Afghanistan was one of the defining political struggles of my generation. I was only a boy when I watched on television as American and allied troops landed in the country, under the pretext of catching the masterminds behind the September 11 attacks. But the “War on Terror” that the Bush administration unleashed with that invasion, and the brutal occupation that ensued, made the world a dangerous place for all Muslims and Arabs, as “terror” became synonymous with our faith and national origins. Afghanistan — together with Iraq and Palestine — became a pillar of our global consciousness, a frontline to assert our humanity against a superpower that had effectively deemed our identities a threat.
Twenty years later, that occupation came to a long-awaited, yet ultimately horrifying end. As U.S. troops completed their withdrawal from Afghanistan, the Taliban — the ruthless fundamentalist movement whom the invaders had supposedly ousted — captured the entire state in a matter of days, with the Afghan government and army collapsing without much effort. The fear now gripping the country in the face of these tyrants’ return is overwhelming. The anger at America’s hollow imperial venture is palpable. Many Muslims and Arabs targeted with violence, surveillance, and racism as a result of that war are feeling their wounds once again.
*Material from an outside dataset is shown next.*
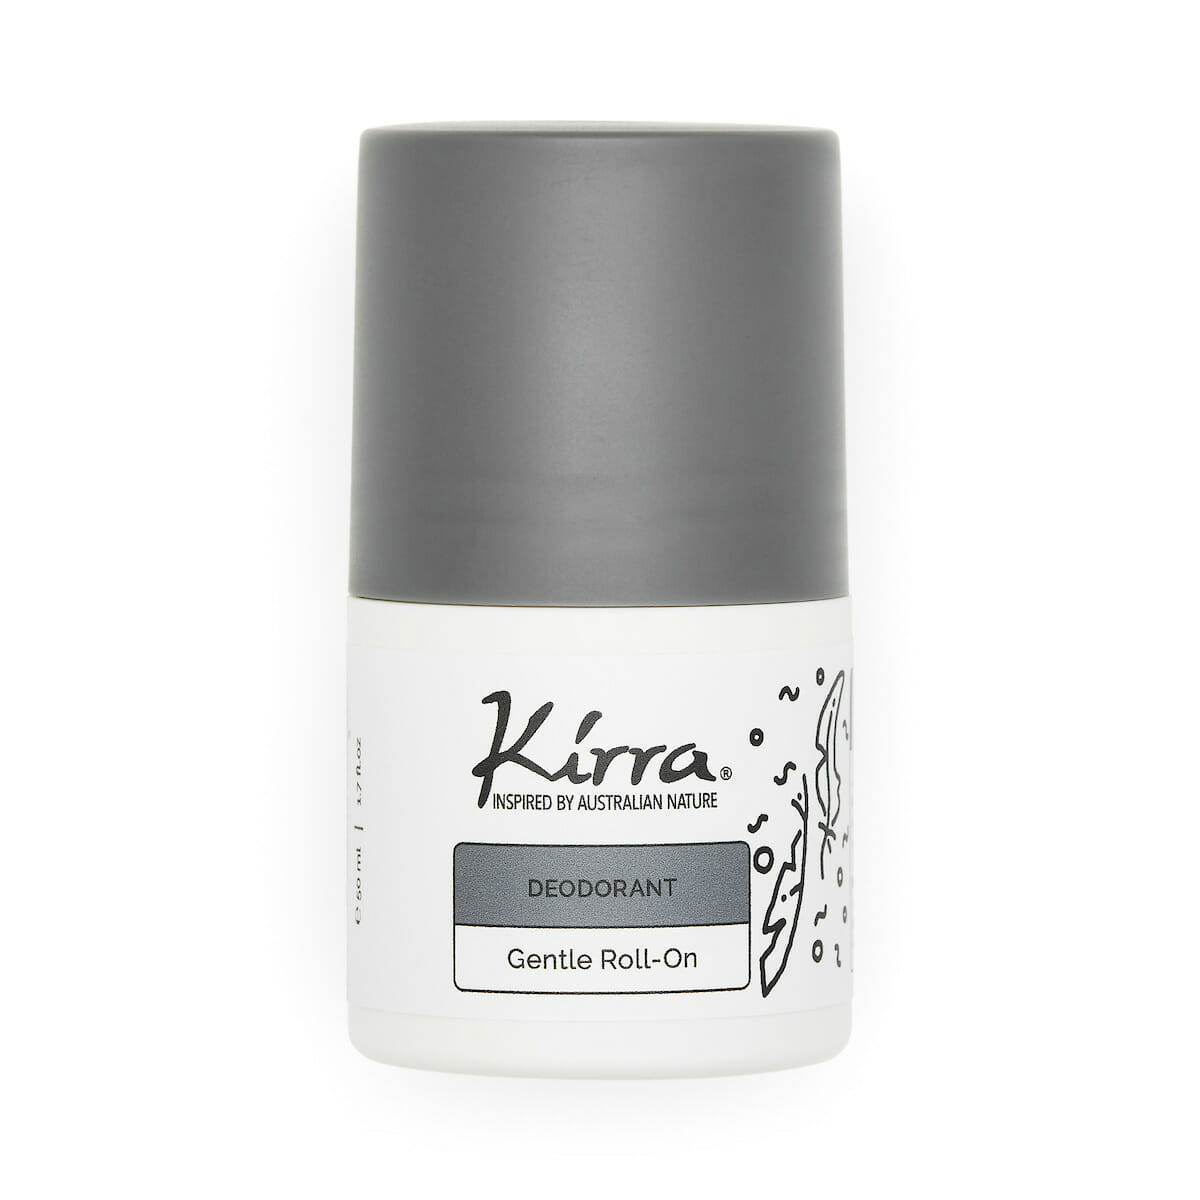 Kirra 24h Bicarb Free Gentle Roll-On Deodorant

Thousands of miles away, as the Taliban closed in on the capital of Kabul, Lebanon became paralyzed as fuel shortages, electricity cuts, and hyperinflation plunged the country into deeper darkness and disarray. The Lebanese political class, which has long used the state as a machine of crony capitalism and clientelism, has continued its criminal disregard for its people’s welfare, even after its negligence led to the explosion at the Beirut port last year. Entrapped by their corrupt leadership and the power plays of foreign states, a furious yet exhausted Lebanese people are increasingly feeling that their fate is being robbed from their hands.
While incomparable to the peoples’ experiences there, it has been harrowing for many Palestinians to watch these two countries crumble in the same week. Like Afghanistan for my generation, Lebanon was a focal point of our previous generation’s global consciousness, beginning with the outbreak of civil war in 1975 and intensified by Israel’s invasion in 1982. But right now, the idea of affecting political change, or even achieving some form of justice, seems fanciful amid the sense of chaos and need for basic survival. Despite our collective efforts, hope feels like a luxury, a fantastical world far from our reach.
As despairing as this week has been, there is still consolation in knowing two things. First, these catastrophes are never inevitable; just as they are inherently produced by humans, so too can their solutions be willed into being, however long they may take or difficult they may be. Second, the elites who control state institutions are not the only sources of global power; communal and grassroots solidarity — through crowdfunding, social media attention, popular protest, and more — can be forces of change, too. Even as our challenges multiply, the knowledge and resources we have at our disposal to alter history are much greater than that of our parents and grandparents before us. Hope must not be a luxury — it should be the only logical path forward.